Foreman advocates "mega-linkages" of wild lands for habitat, and the kids were all over it. Kelsey Freeman, an 8th-grader at the Carbondale Community School, mused about being able to hike across the spine of the Rockies through a mega-linkage from the Arctic to Tierra del Fuego. What fun that would be, we all agreed, except that a mega-linkage would not solely benefit man, but would ultimately serve plants and animals. As billowing white clouds sailed overhead in a sky of deep blue, our minds veered from an anthropocentric view of nature to an interconnected one. The kids never missed a beat as their thought processes adjusted to man in nature rather than man vs. nature. Now they were ready for Henry David Thoreau.

After short solos along the ridge, in which the kids were urged to just sit quietly alone and explore how it felt, the thunder boomed and rain pattered down. We gathered in a grove of spruce and tackled Thoreau's essay, "The Meaning of Wildness." I wondered if Thoreau was too elevated for a group of middle-school students, but all eyes were riveted to the text, all minds working over the words written more than 150 years ago by America's greatest wilderness advocate.

"In wildness is the preservation of the world," Thoreau wrote famously. As we pondered his meaning, our discussion swung back to Buck, back to the wolves on the plains of Kansas, back to Foreman's mega-linkages. We understood the vitality of wild nature, the raw nobility of self-willed creatures, the importance of contiguous habitat for the enrichment and preservation of the gene pool. We saw all of this in Thoreau, but there was more. We were on the verge of something deeper, something vital and unifying.

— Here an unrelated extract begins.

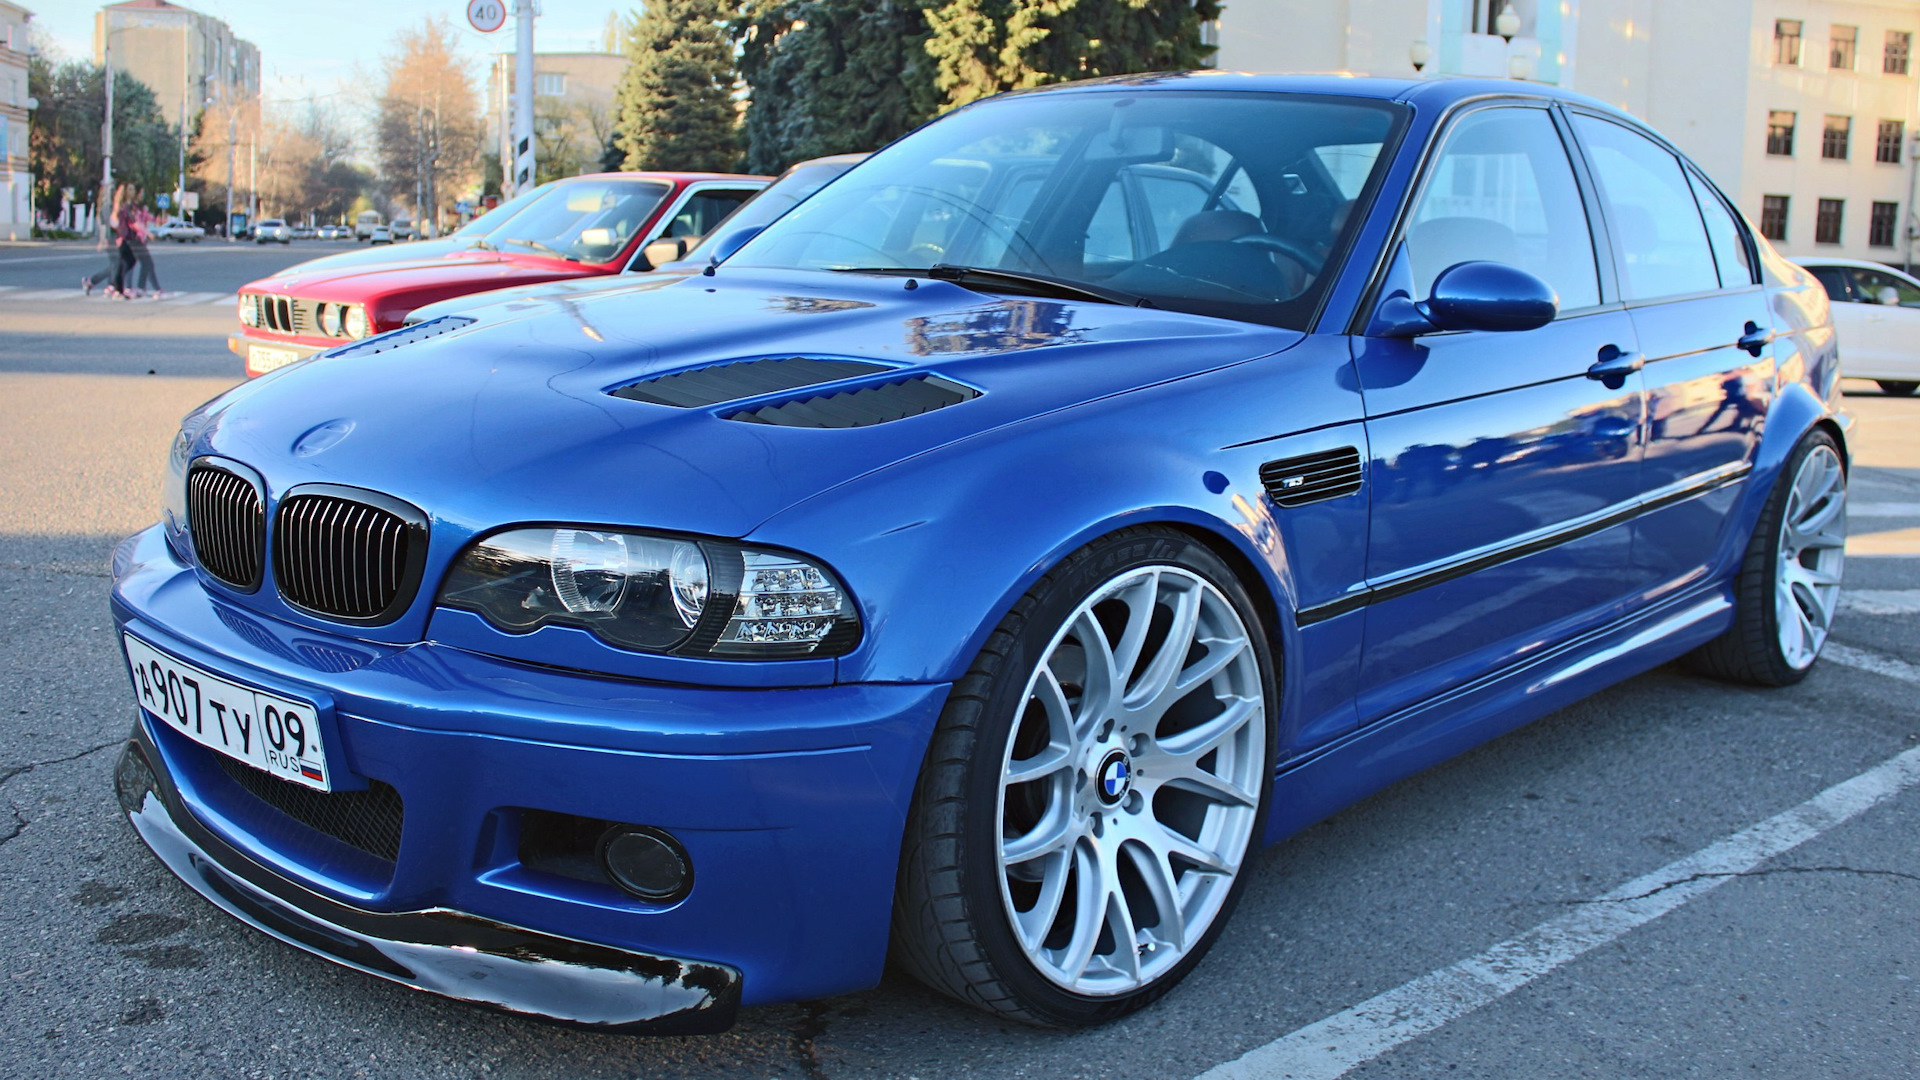 М3 е46 купить. БМВ м3 е46 седан. BMW e46 Coupe. БМВ е46 седан синяя. BMW m3 e46 sedan.

"We would fain take that walk, never yet taken by us through this actual world," Thoreau wrote about exploring wilderness, "which is perfectly symbolical of the path which we love to travel in the interior and ideal world."

And what do we find in that interior and ideal world? This question was essential to our next big step in our understanding of Thoreau and the wild world around us.

There was a pregnant pause, a moment of quiet tension. Then Giulio Piccolo, our 13-year-old philosopher, said "Maybe it's universal truths."

The words hit Willard, A.O. and me like a lightning bolt. It was like watching a rare and beautiful flower bloom.

"Where did you get that, Giulio?" I asked.

"I don't know," he said. "It just came up."

At that point our discussion leaped a high hurdle as we explored universal truths as a mega-linkage, not to natural habitats, but to the community of life to which we all belong. Here was the transcendent element we had been looking for, and the kids grasped it intuitively.

The Tribe

That night around the campfire, our minds entertained visions of the readings. The images came alive in the flickering firelight that illuminated a small circle around us, a small sphere of human security in the wilds.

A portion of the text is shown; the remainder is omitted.